*GIVEN INFORMATION*
######

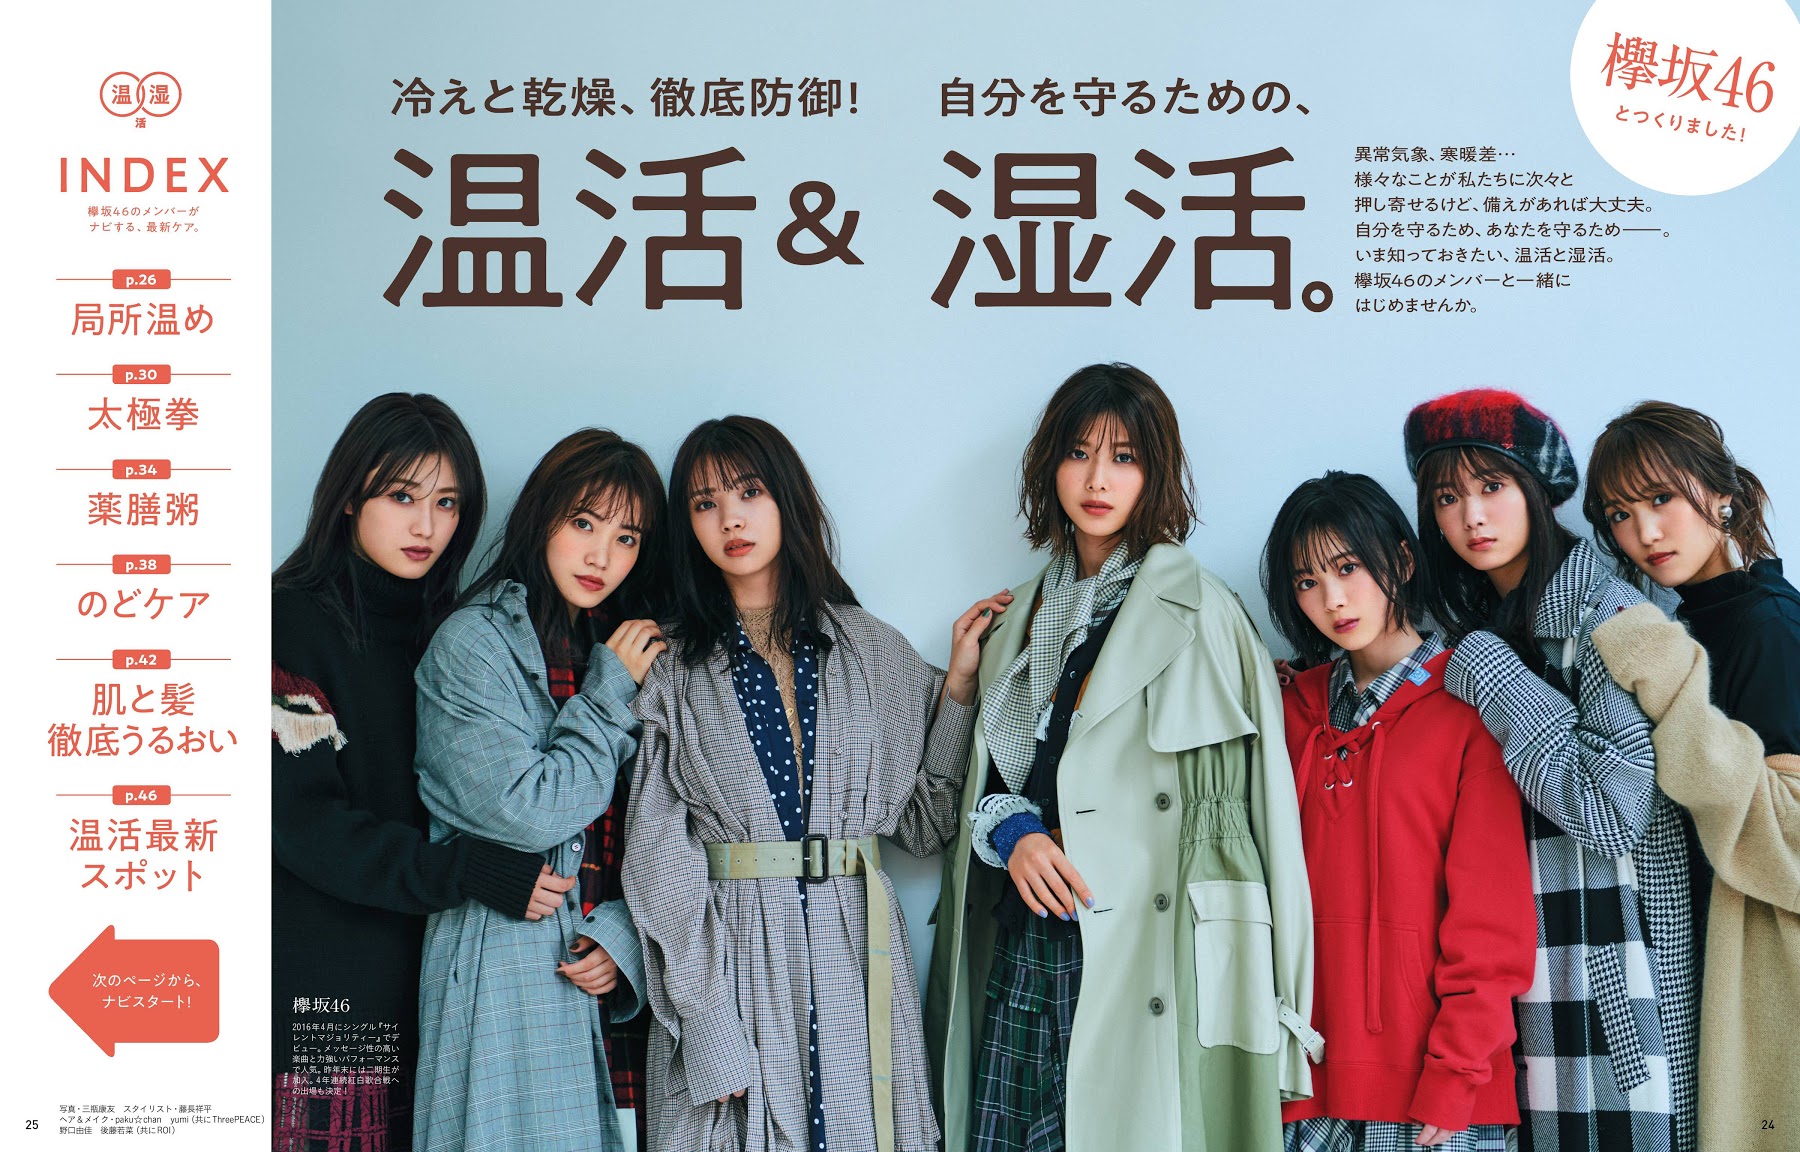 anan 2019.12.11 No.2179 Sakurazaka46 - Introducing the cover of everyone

######

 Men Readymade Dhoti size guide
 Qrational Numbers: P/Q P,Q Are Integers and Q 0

######

*WORK TO COMPLETE*
Among the entries above, find the line with "Men Readymade Dhoti size guide" and the line with "Qrational Numbers: P/Q"; give again exactly these two lines and all lines between them.

*COMPLETED TASK*
 Men Readymade Dhoti size guide
 Qrational Numbers: P/Q P,Q Are Integers and Q 0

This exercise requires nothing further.